The problem: In your copy, leave out the pictures; write out all the data exactly.

Exercise data:
· · · ·
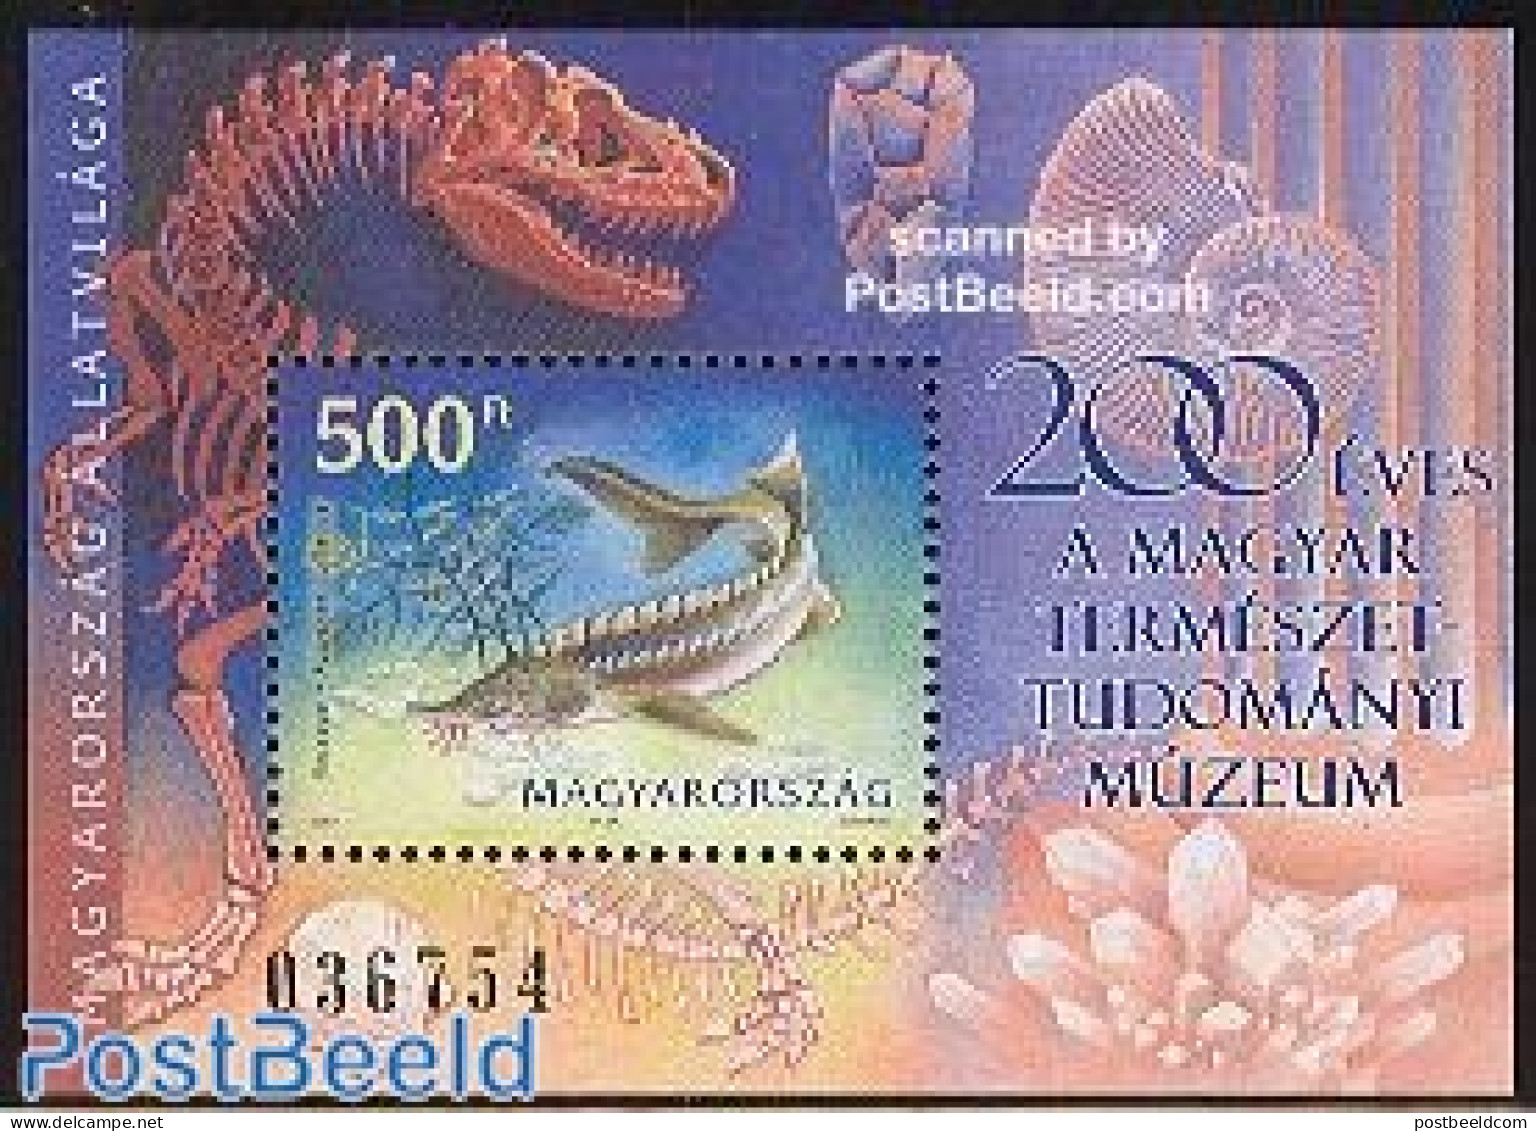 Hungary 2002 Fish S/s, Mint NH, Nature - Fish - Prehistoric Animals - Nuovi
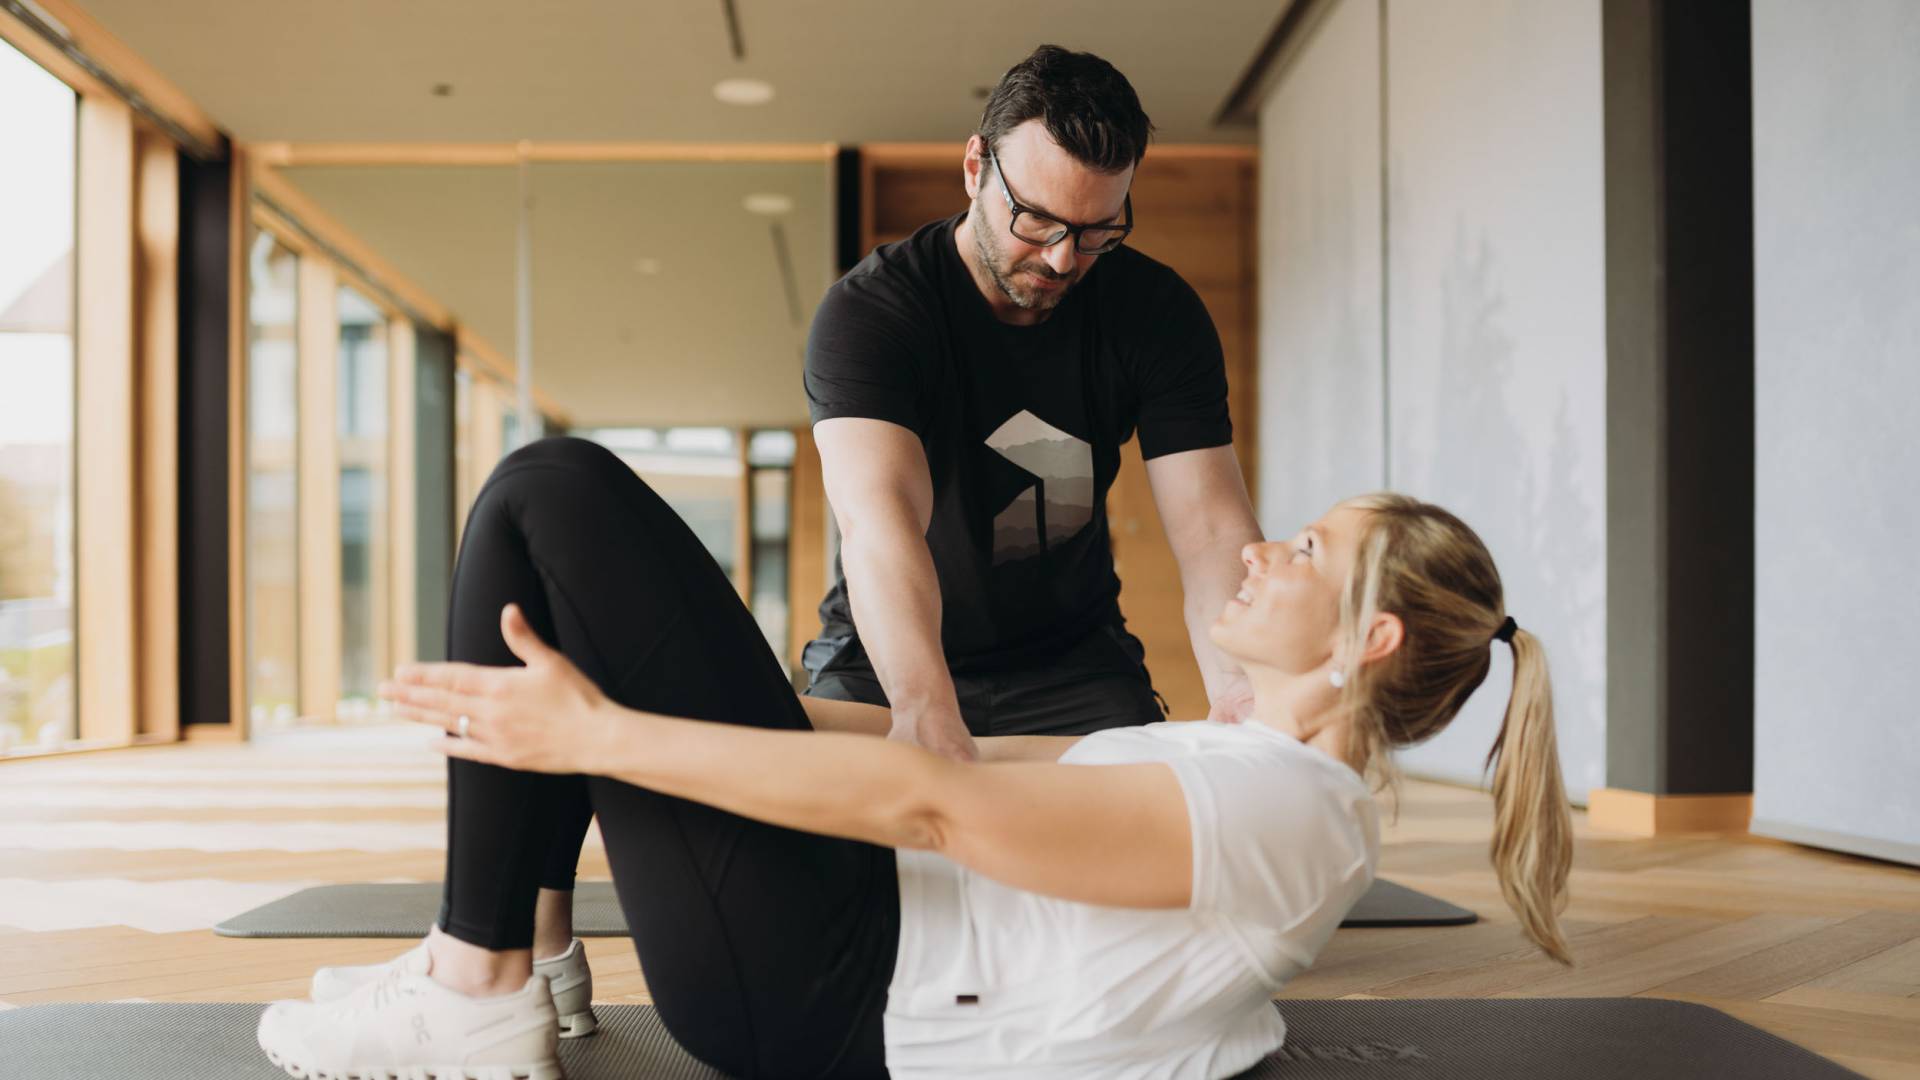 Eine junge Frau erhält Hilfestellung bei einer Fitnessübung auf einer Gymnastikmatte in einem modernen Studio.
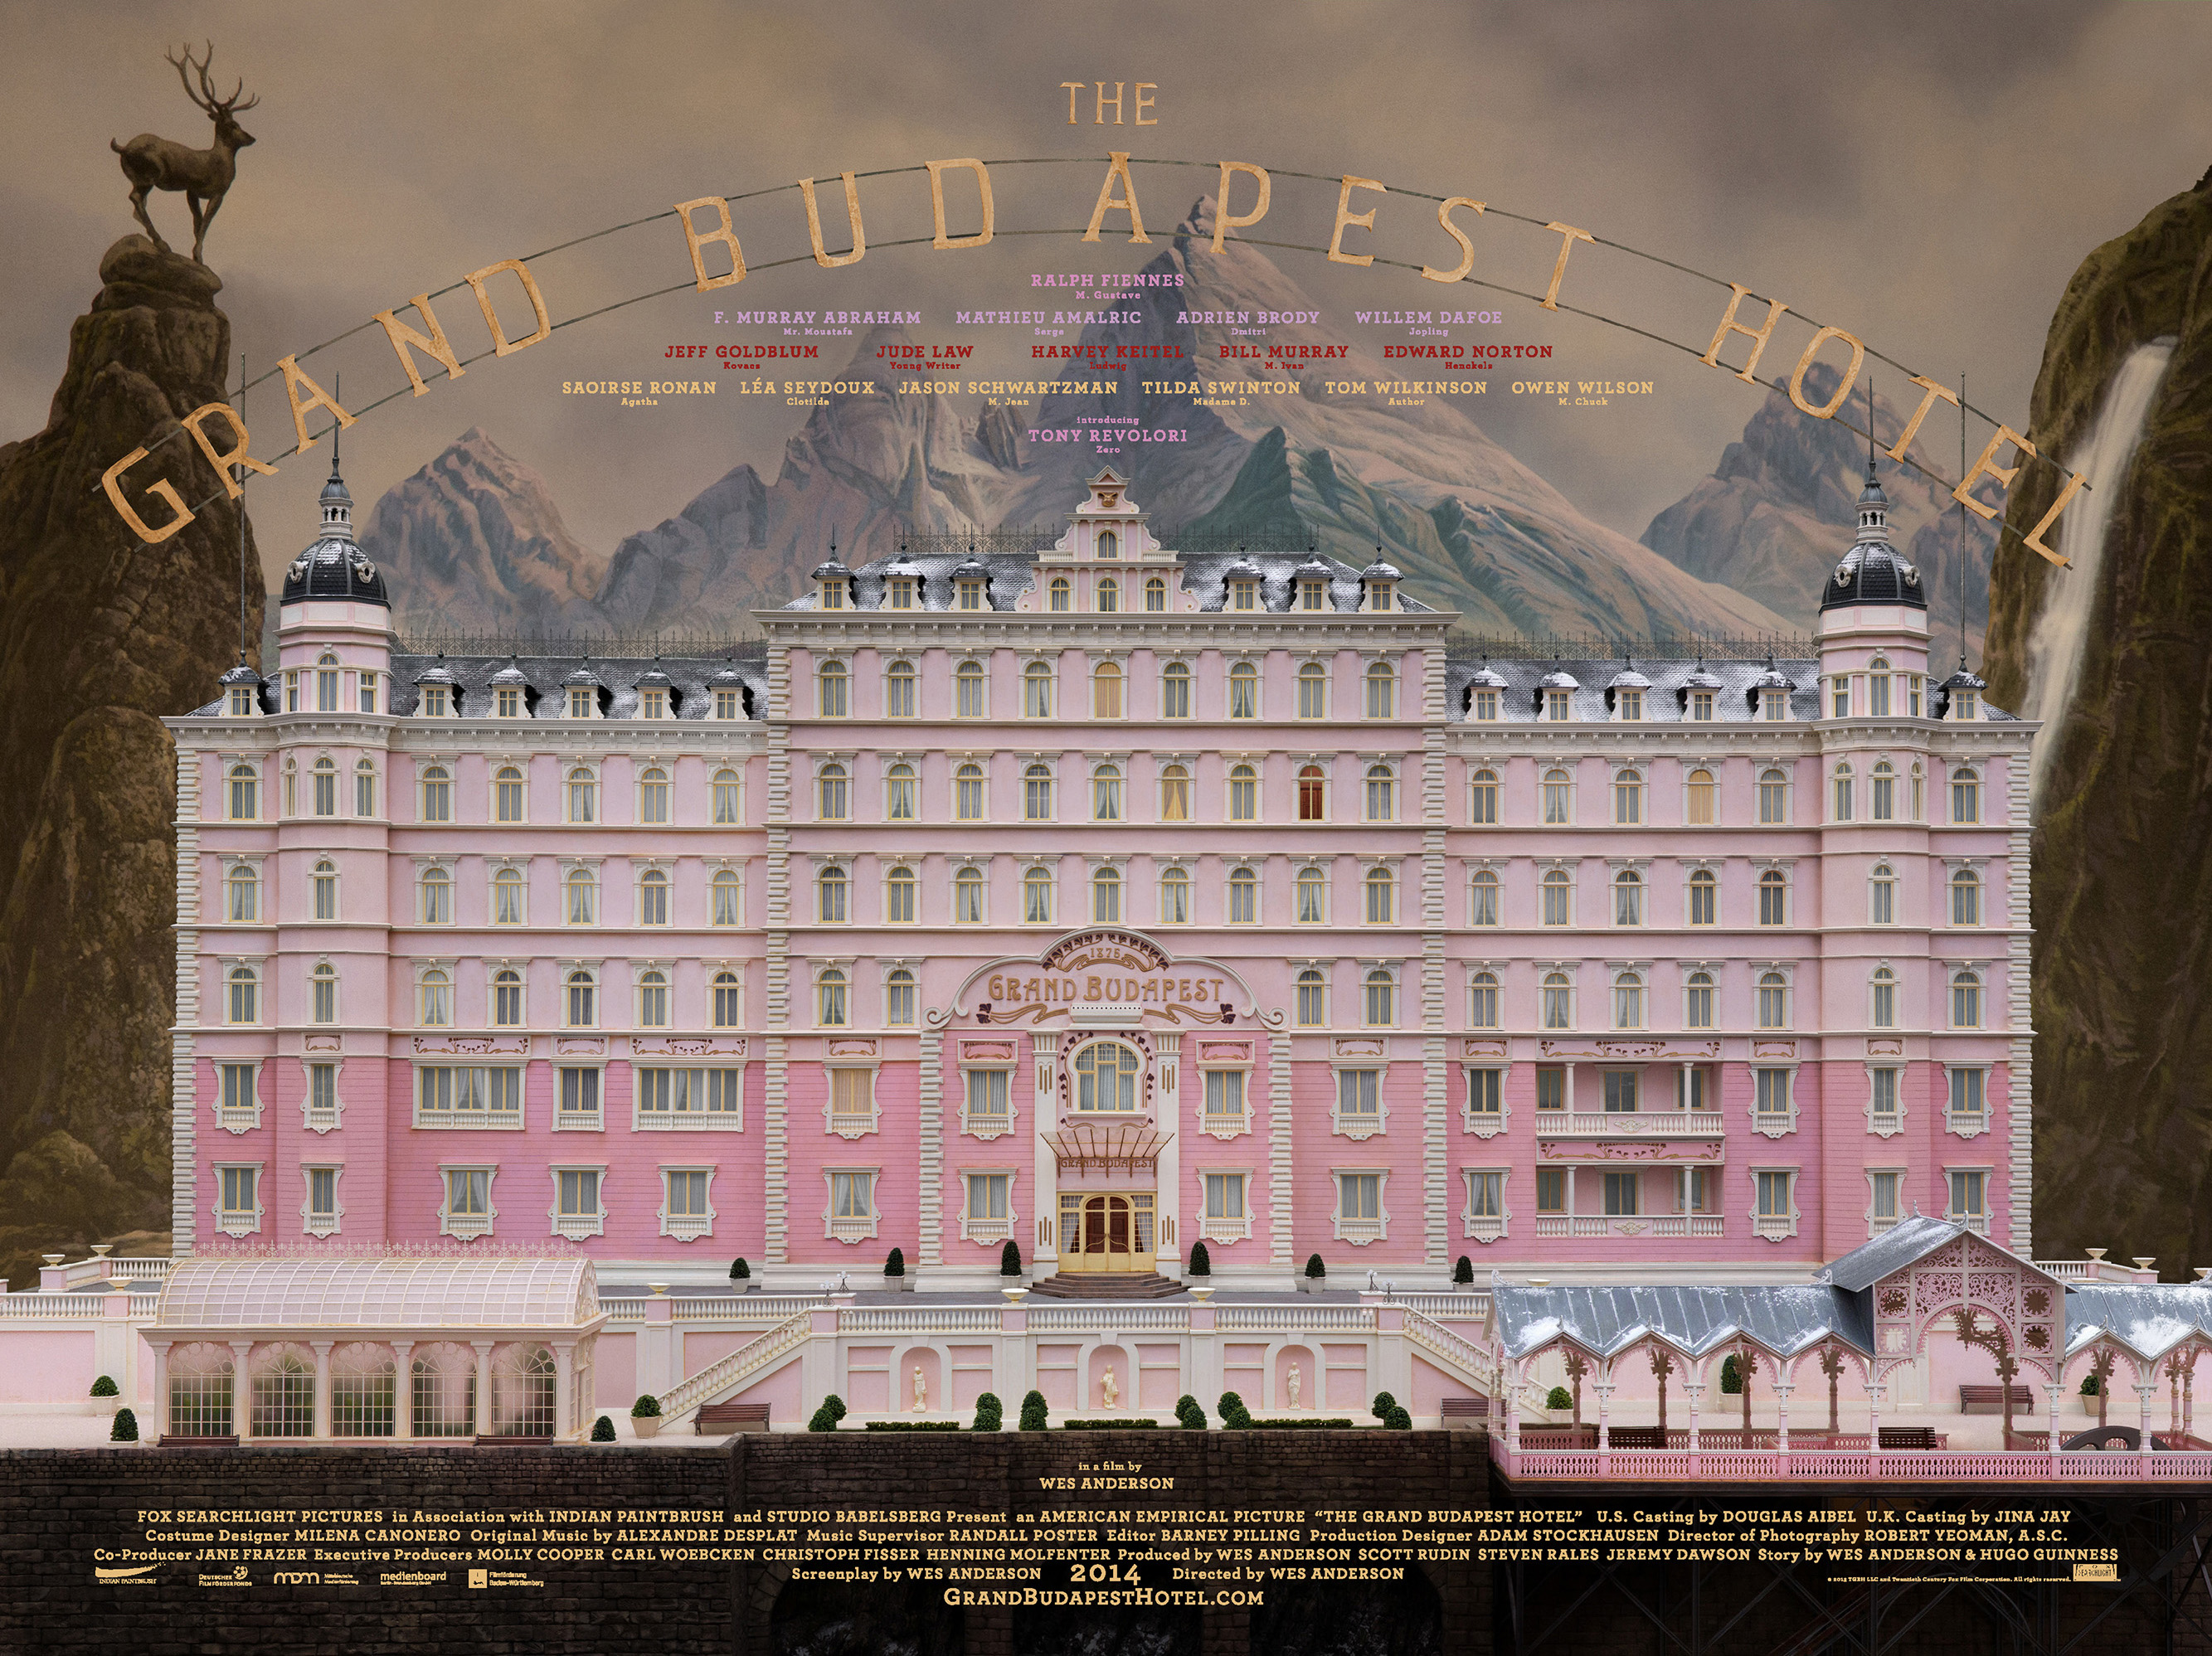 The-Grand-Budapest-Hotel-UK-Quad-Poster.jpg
· · · ·
Task solution:
 Hungary 2002 Fish S/s, Mint NH, Nature - Fish - Prehistoric Animals - Nuovi
 Eine junge Frau erhält Hilfestellung bei einer Fitnessübung auf einer Gymnastikmatte in einem modernen Studio.
 The-Grand-Budapest-Hotel-UK-Quad-Poster.jpg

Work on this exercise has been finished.